— Здесь закаты должны быть хороши, — заметил он, опустившись на железную скамейку. — Знаете, Иван Арсеньевич, чем я занимался эту неделю? Разыскал и прочитал два ваших романа. Занятно, очень — я в вас не ошибся…
— Это скучная тема, — отмахнулся я. — Сейчас меня куда больше занимают ваши романы, Дмитрий Алексеевич. Вы в эти дни виделись с Люлю?
— С Люлю я не виделся, — медленно ответил художник, глядя на меня с интересом и как будто с облегчением. — Слава Богу, Анюта опомнилась!.. Я рад. Теперь я не один.
— Вы скрыли от следствия отношения с Анютой, защищая, так сказать, честь женщины?
— Куда ж было деваться?
— И заранее условились с ней, что будете молчать?
— Не то чтоб условились, она попросила… Ну, я понял, что она не хочет семейного скандала и вел себя соответственно. Обо всех этих пошлостях не стоило бы и упоминать, но они, к несчастью, самым непосредственным образом связаны с исчезновением Маруси.

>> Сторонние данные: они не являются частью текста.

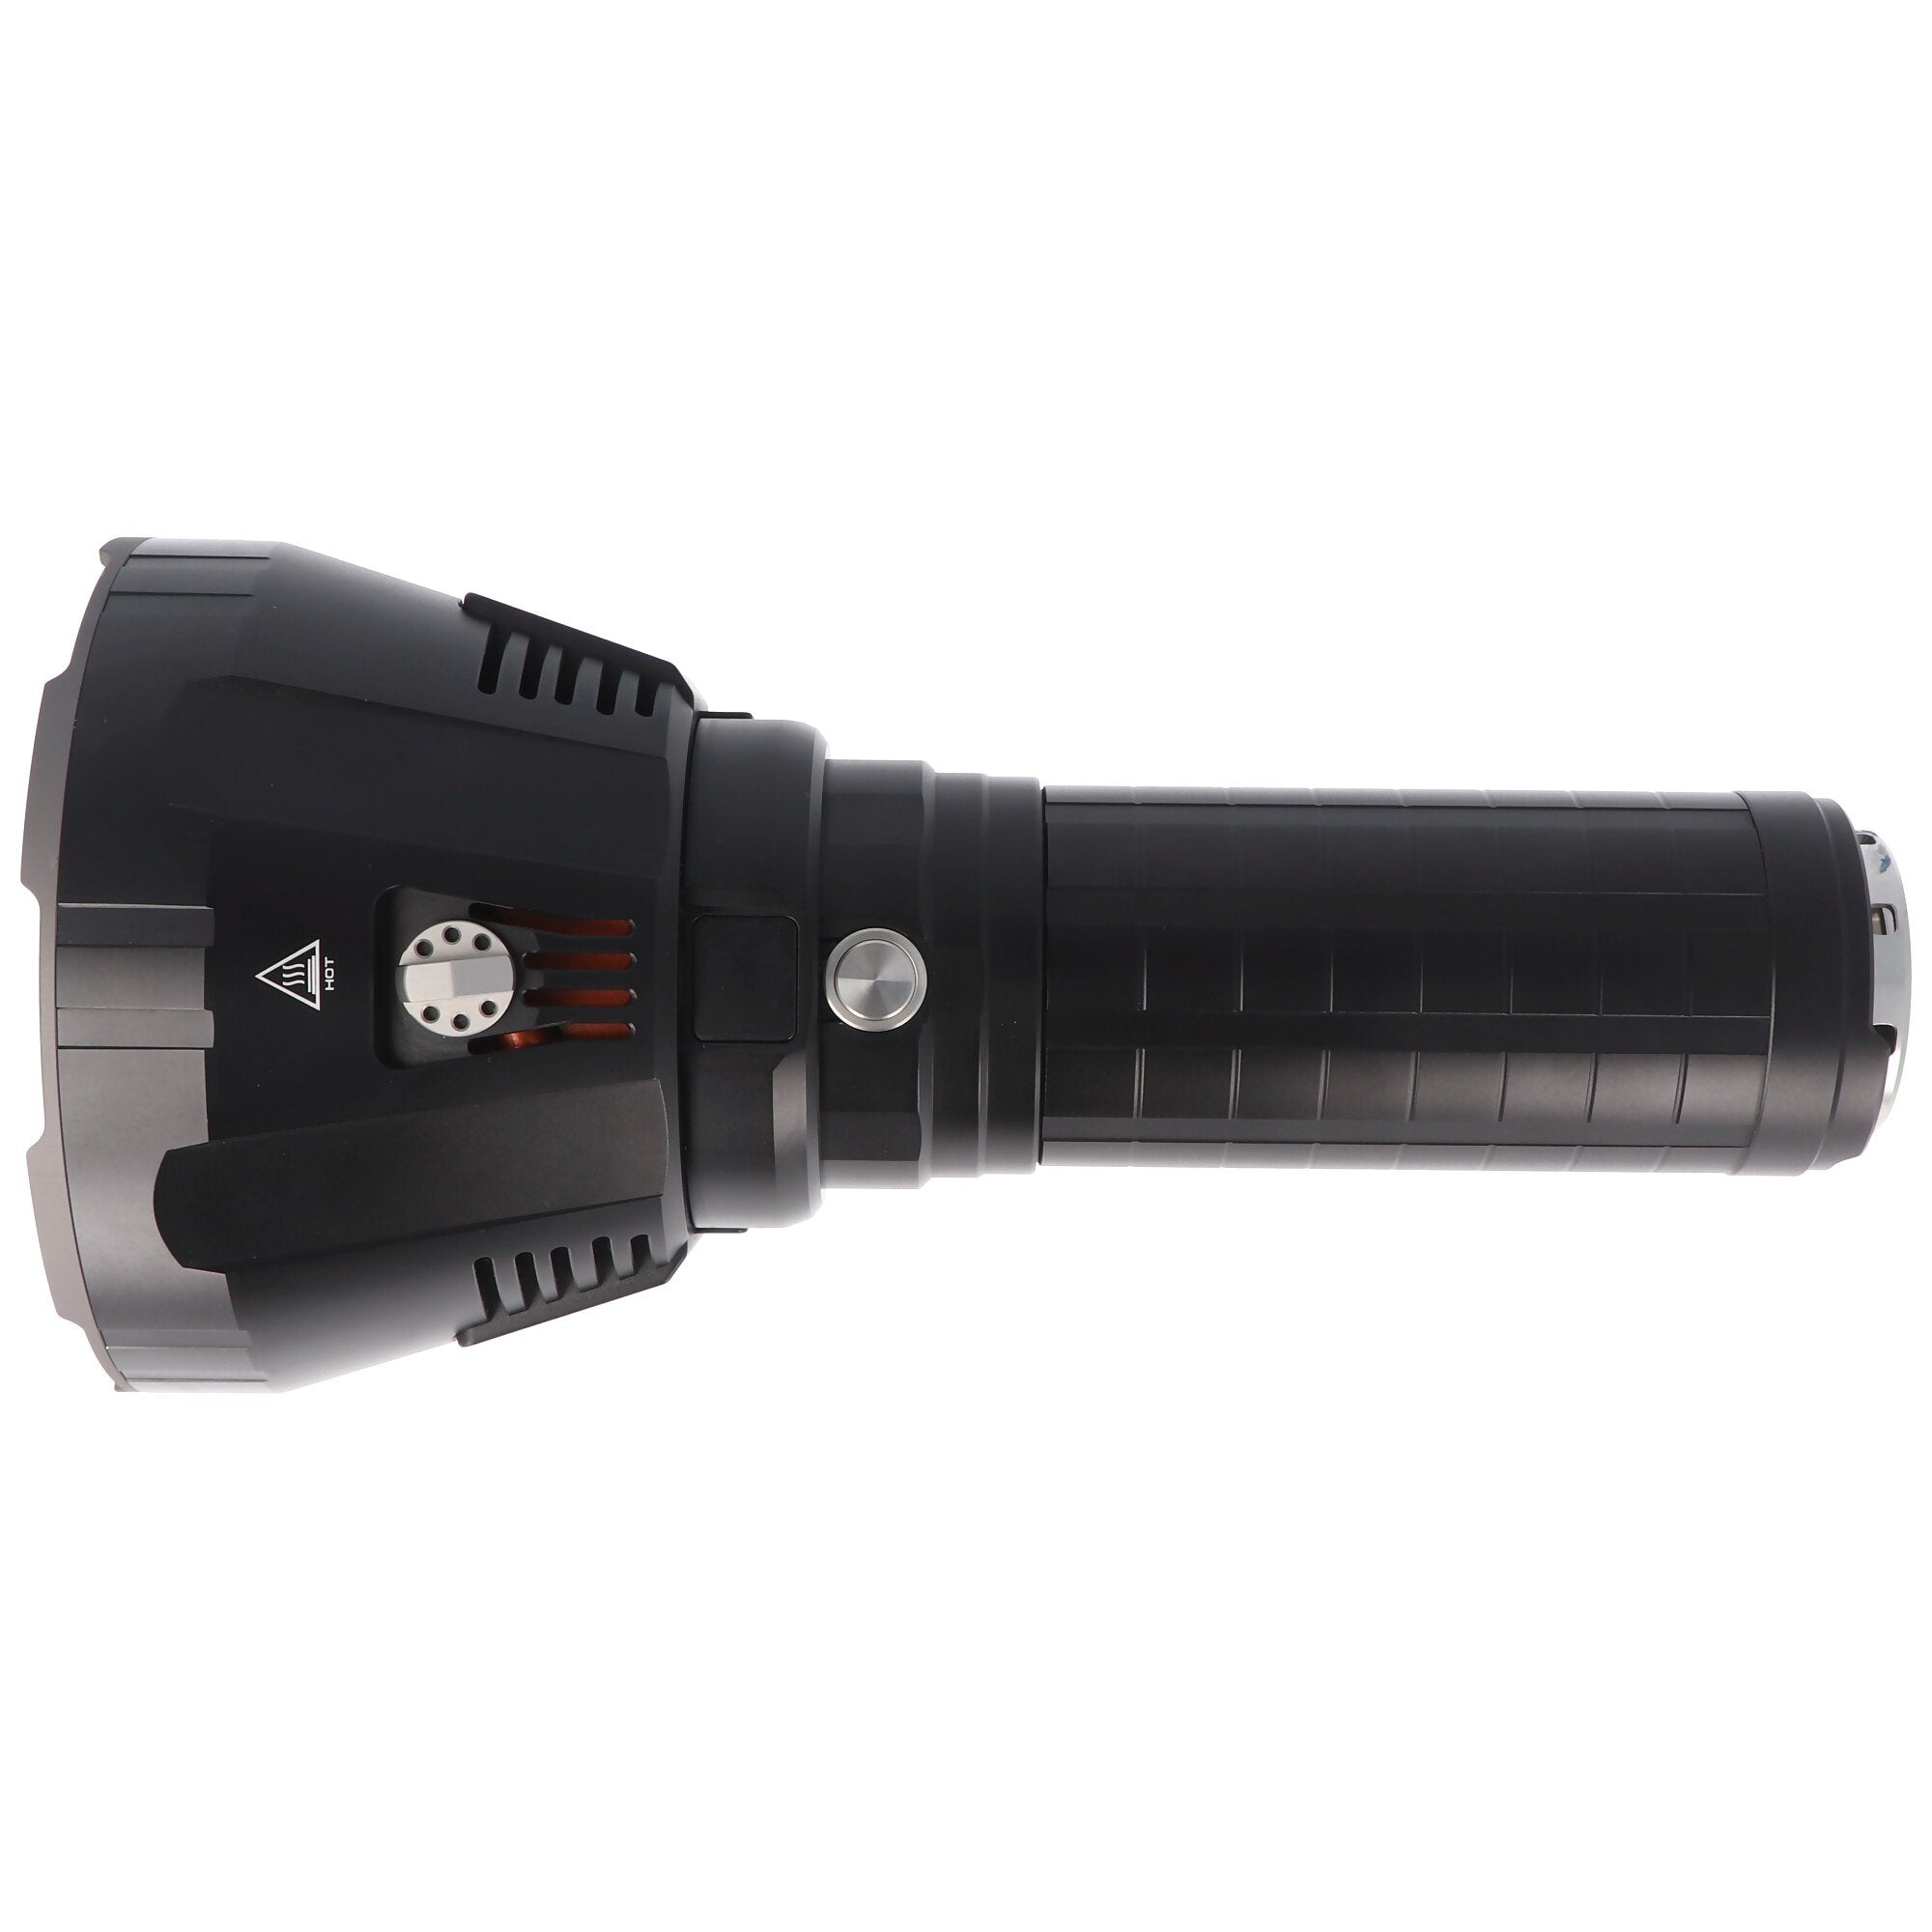 100,000 lumens Imalent MS18 LED flashlight with max. 100,000 lumens, including battery and charger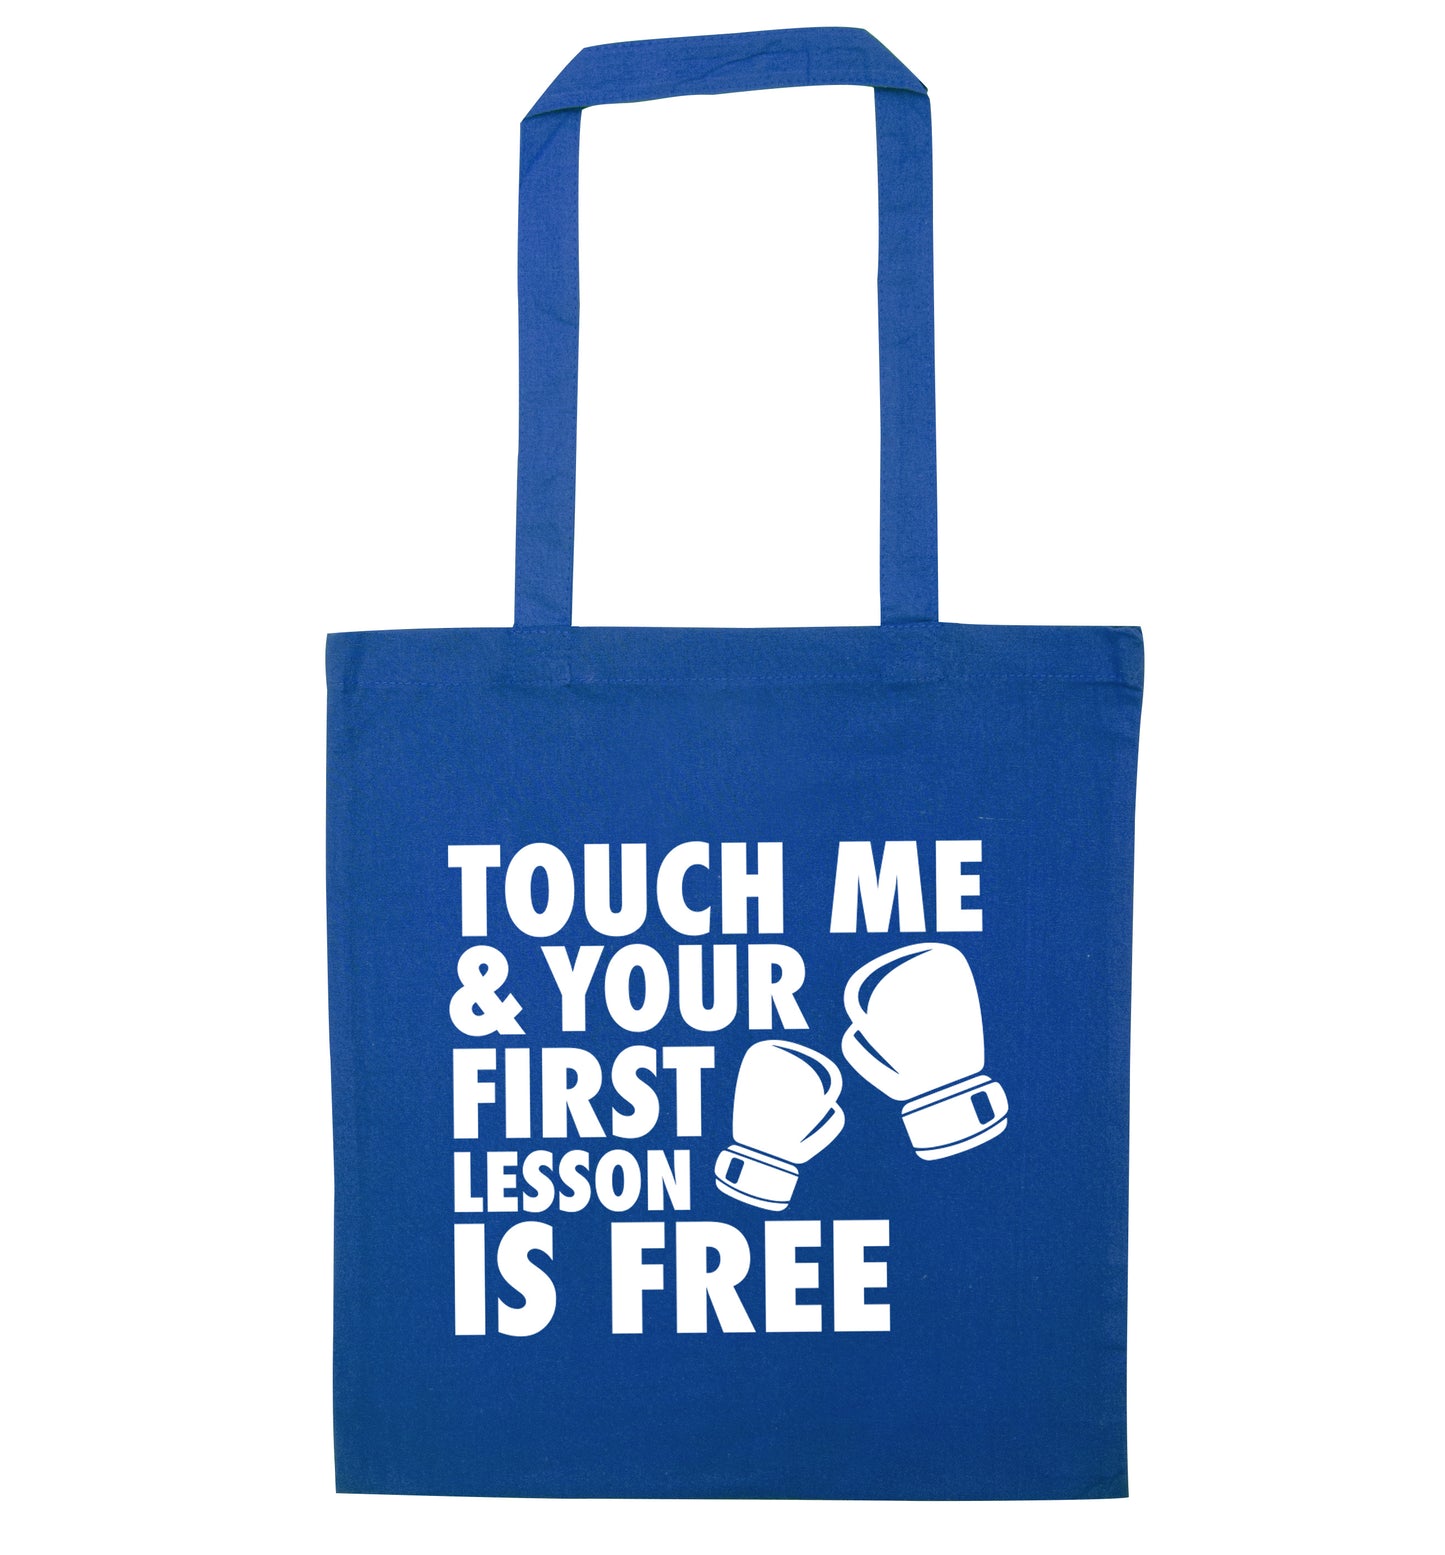 Touch me and your First Lesson is Free  blue tote bag

— Даже так? Кажется, вы считаете свои отношения с Анютой пошлыми?
— Ничего пошлого в них тогда не было. Я увлекся и очень, а она… я не обольщаюсь: просто ей не повезло с мужем. Кстати, вы его видели?
— Видел.
— Ну, так что ж объяснять… Одним словом, я во всем виноват и увлечение мое обернулось пошлостью и ужасом. Анюта вам все рассказала?
Я решил пока что не разуверять его на этот счет.
— Расскажите вы — все, что скрыли когда-то.
— Девочка исчезла в среду, когда Анюта была в Москве.
— В среду?.. Я так и чувствовал, что с Петей нечисто.
— Я тоже чувствовал, но поймать его не смог.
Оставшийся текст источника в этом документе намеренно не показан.